- Born: Jacqueline Sidonia Nemitz September 27, 1942 Chicago, Illinois, U.S.
- Died: May 27, 2023 (age 80)
- Occupation(s): Sociologist, social worker

= Jacqueline S. Ismael =

American sociologist

Jacqueline Sidonia Nemitz Ismael (September 27, 1942 – May 27, 2023) was an American-born Canadian political sociologist on the faculty of the University of Calgary from 1980 to 2019.

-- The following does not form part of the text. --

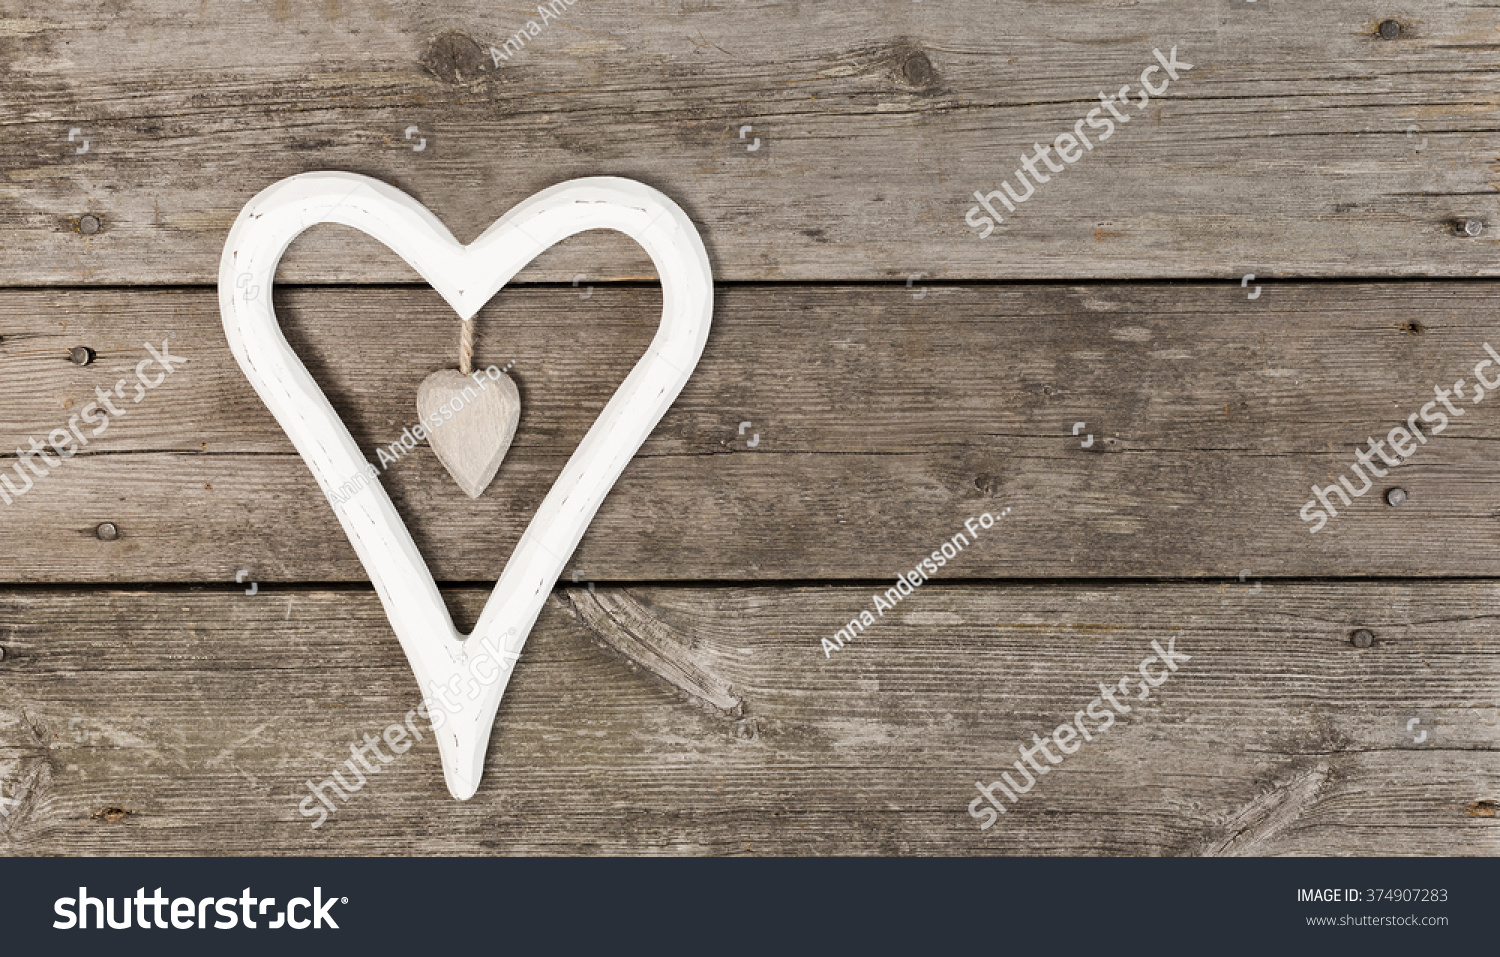 Decoration heartshaped on wooden background with copy space #374907283
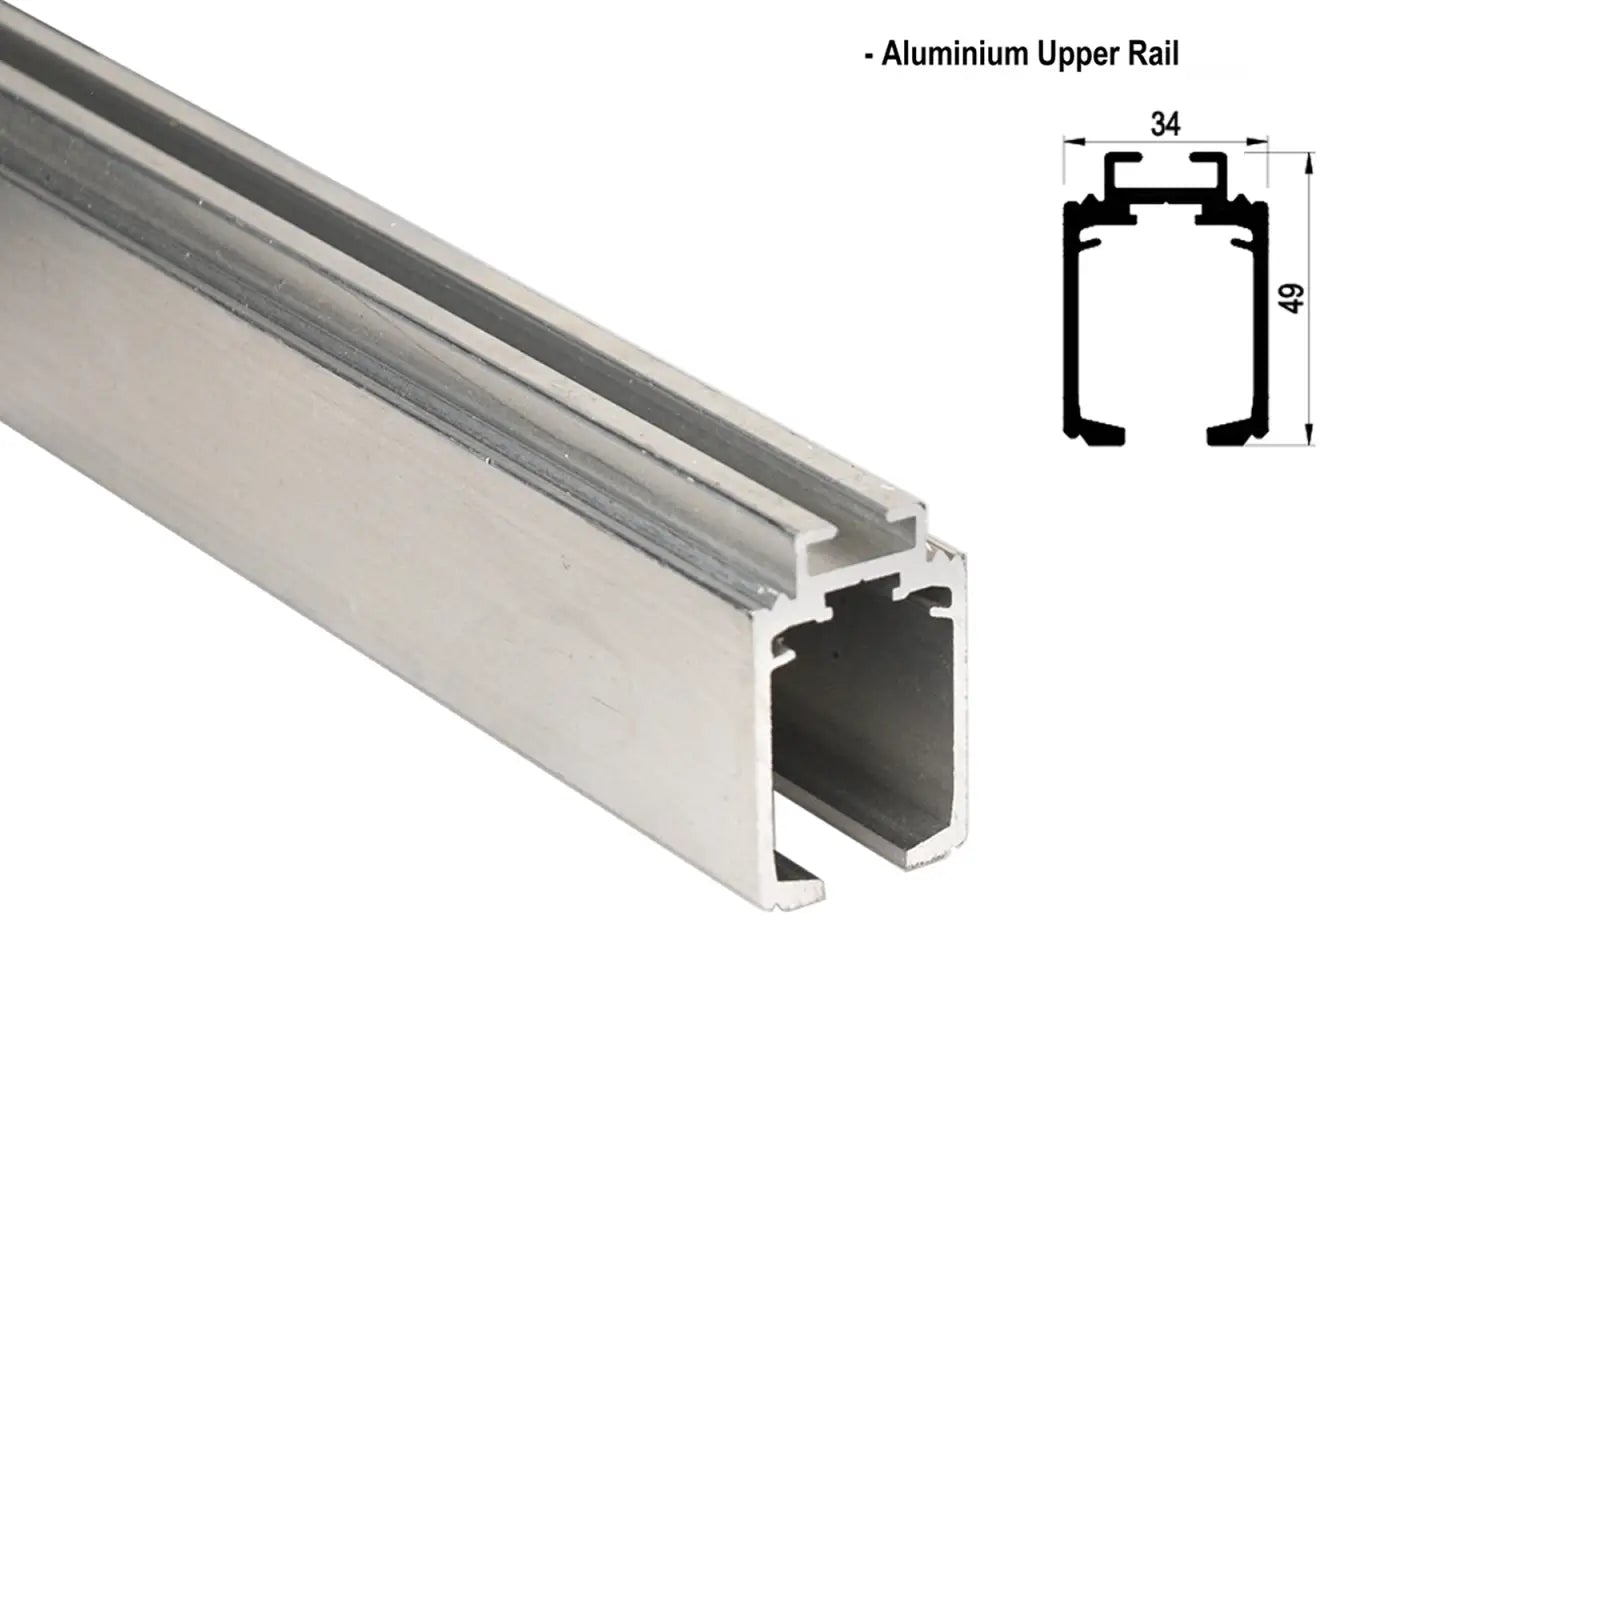 DS-Slide Double Synchro Sliding Door Kit - 3600mm Track - Both Way Soft Close - Decor And Decor

==Early life and education==
Nemitz was born in Chicago, the daughter of Russell P. Nemitz and Lena Mannella Nemitz. She earned a bachelor's degree and a master's degree at the University of Calgary, and completed doctoral studies in sociology from the University of Alberta.
==Career==
Ismael was a member of the social welfare faculty of the University of Calgary from 1980 to 2019. She established and headed the department's international social work concentration. She also held an adjunct appointment in international relations at Eastern Mediterranean University. She served on the advisory board of Arab Studies Quarterly. In 2003 and 2004, she was part of a movement to create an International University of Baghdad.
==Publications==
Ismael's work appeared in academic journals including The Middle East Journal, Arab Studies Quarterly, Social Problems, Politics and the Life Sciences, and International Journal of Contemporary Iraqi Studies.

=== Books ===

- Canadian Social Welfare Policy: Federal and Provincial Dimensions (1985, editor)
- The Contemporary Study of the Arab World (1991, co-editor, with Earl L. Sullivan)
- Kuwait: Dependency and Class in a Rentier State (1994)
- Social Policy in the Arab World (1995, with Tareq Y. Ismael)
- Government and Politics in the Contemporary Middle East: Continuity and Change (2010, with Tareq Y. Ismael)
- Iraq in the Twenty-First Century: Regime Change and the Making of a Failed State (2015, with Tareq Y. Ismael)
- Government and Politics: Discontinuity and Turbulence (2023)
- The Unending War in Iraq: Pax Americana (2024, with Tareq Y. Ismael and Leslie T. MacDonald; published posthumously)

=== Articles ===
- "The Arab Americans and The Middle East" (1976, with Tareq Y. Ismael)
- "Dependency and Capital Surplus: The Case of Kuwait" (1979)
- "Social Policy and Social Change: The Case of Iraq" (1980)
- "Social Change in Islamic Society: The Political Thought of Ayatollah Khomeini" (1980, with Tareq Y. Ismael)
- "The Alienation of Palestine in Palestinian Poetry" (1981)
- "Civil Society in the Arab World: Historical Traces, Contemporary Vestiges" (1997, with Tareq Y. Ismael)
- "Globalization and the Arab World in Middle East Politics: Regional Dynamics in Historical Perspective" (1999, with Tareq Y. Ismael)
- "Iraqi women under occupation: from tribalism to neo-feudalism" (2007, with Shereen T. Ismael)
- "Whither Iraq? Beyond Saddam, sanctions and occupation" (2007, with Tareq Y. Ismael)
- "Social Policy in the Arab World: The Search for Social Justice" (2008, with Shereen T. Ismael)
- "Living through war, sanctions, and occupation: The voices of Iraqi women (2009, with Shereen T. Ismael)
- "The sectarian state in Iraq and the new political class" (2010, with Tareq Y. Ismael)
- "The Arab Spring and the Uncivil State" (2013, with Shereen T. Ismael)
- "Children of the occupation: A decade after the invasion" (2013, with Shereen T. Ismael)
- "Iraqi Women in Conditions of War and Occupation" (2014)
- "The Social Contract and the Iraqi State" (2015, with Tareq Y. Ismael)
- "Cowboy Warfare, Biological Diplomacy: Disarming Metaphors as Weapons of Mass Destruction" (2016, with Tareq Y. Ismael)
==Personal life==
Nemitz married Tareq Y. Ismael, an Iraqi-born political science professor at the University of Calgary. They had two daughters, Shereen and Jenann. She died in 2023, at the age of 80. Flags were lowered on the campus of the University of Calgary to mark her death.